Now, the graph will look like this.

After enabling labels, you will likely notice that they overlap. To avoid this, you need to run the "Label Adjust" algorithm in the "Layout" window. The images below show the graph before and after applying the layout.

Preview Tab

Finally, in the last tab, "Preview," you can see a nicely rendered version of the graph instead of the working version. The only thing to keep in mind is that you will need to enable the labels again, but this time using the toolbar on the left within this tab.

If you're working with a large graph, it's best to uncheck the "Proportional size" option and slightly increase the font size. The rest of the label settings can be adjusted to your preference.

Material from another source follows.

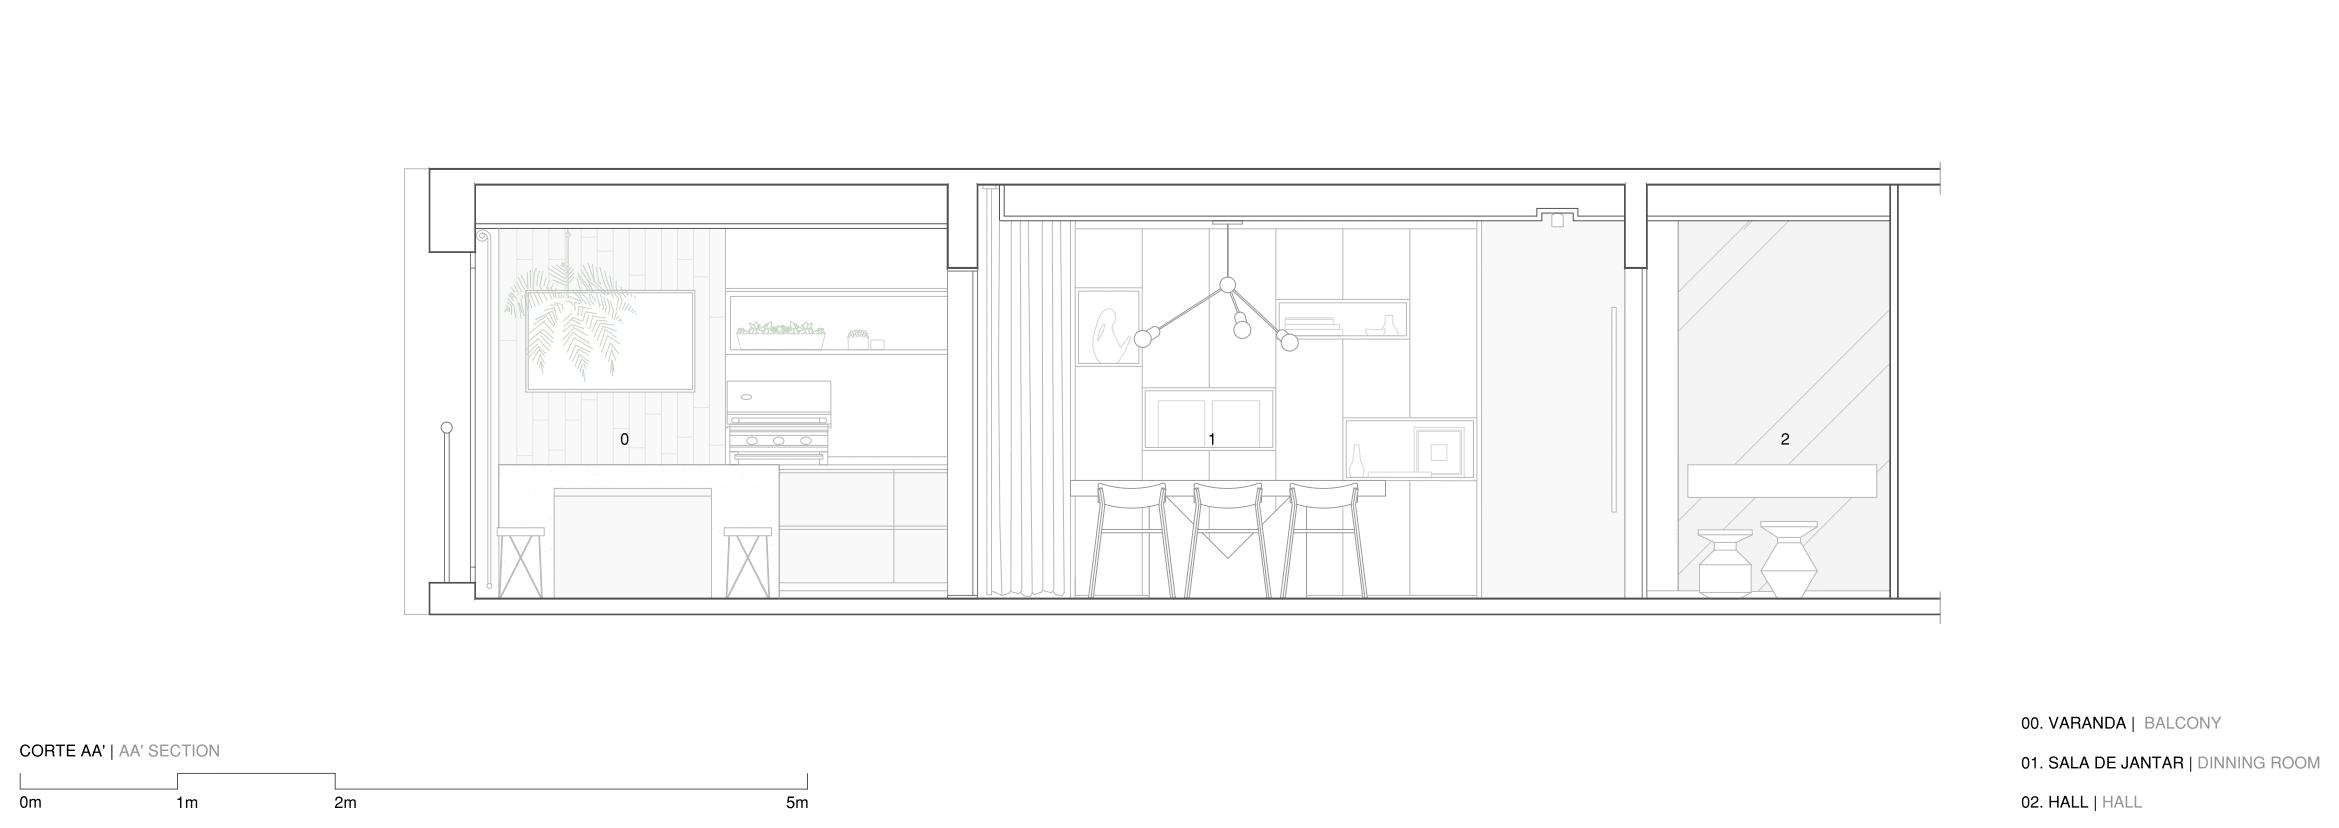 hobjeto-arquitetura-apartamento-fn-ap-02-corteaa
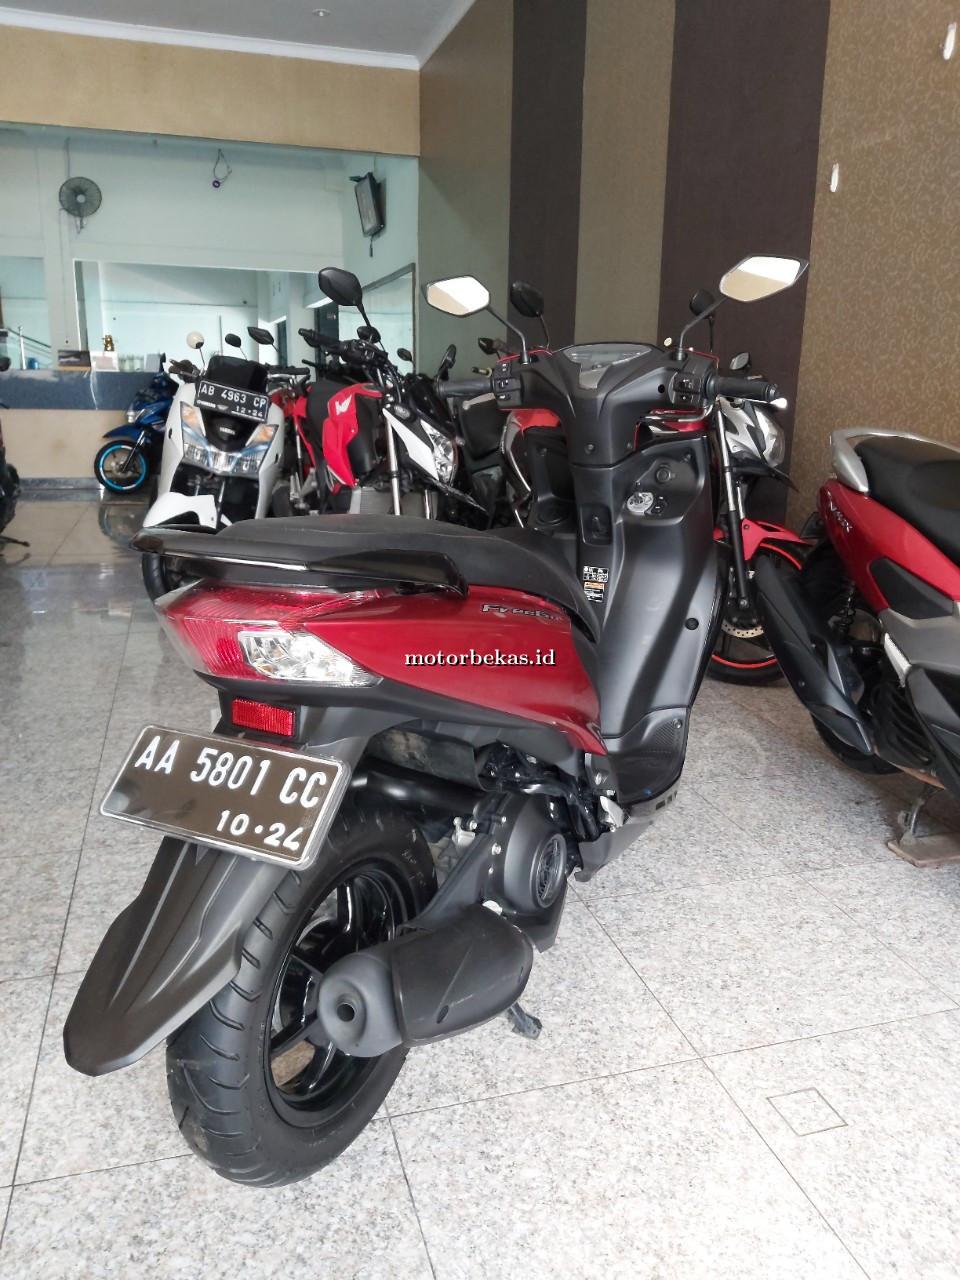 YAMAHA FREE GO  68 motorbekas.id

Most likely, at first, you will just see a blank white field without the graph. To render it, you need to click the "Refresh" button at the bottom. The same applies after any changes—if you want to see the updates, you must click "Refresh" again.

Export Graph as an Image

The graph can be saved as a PNG, SVG or PDF. If you need a small file and detail is not important, it's better to choose PNG. However, if you want to examine the graph at any zoom level without losing quality, it's better to choose PDF or SVG. The graph can be exported in two ways: using the corresponding button in the bottom left corner of the "View" tab or via the "File > Export" menu.

Export Graph as a Dynamic Visualisation

Additionally, you can export a dynamic graph and upload it online. To do this, you need to install the Sigma Exporter plugin from the "Tools > Plugins > Available Plugins" menu and then restart Gephi. Don't forget to save your project ("File > Save Project" or Ctrl + S) before restarting, to avoid losing your work!

After that, you can save the graph in Sigma by selecting "File > Export > Sigma.js template".

In the window that appears, you need to specify the folder path where you want to export the project, as well as the details for the legend: the title and a brief description of the graph, as well as what the nodes, edges, and their colours represent.

After this, a folder named "network" will appear in the specified directory. 

Hosting Dynamic Graph on GitHub

You can upload your interactive graph to GitHub to make it publicly available as a simple one-page website. Please register here and have a look at this guide to get familiar with GitHub.

All the files and subfolders from the "Network"  folder need to be uploaded to a new repository on GitHub. If you forgot to include something during the export, you can manually edit the config.json file by opening it in a text editor. Here is a list of the files that should be in your repository.

When you upload all the necessary files to your GitHub repository, go to its settings and scroll down to the "GitHub Pages" section. Then, in the "Source" dropdown, select the "Master branch" and click the "Save" button. When you refresh the page, you will see the link to your interactive visualisation.

It should look something like this. If you want, you can experiment with the index.html file to remove elements you don't like (for example, the empty space at the top of the legend).

Please note that all selectors should be functional!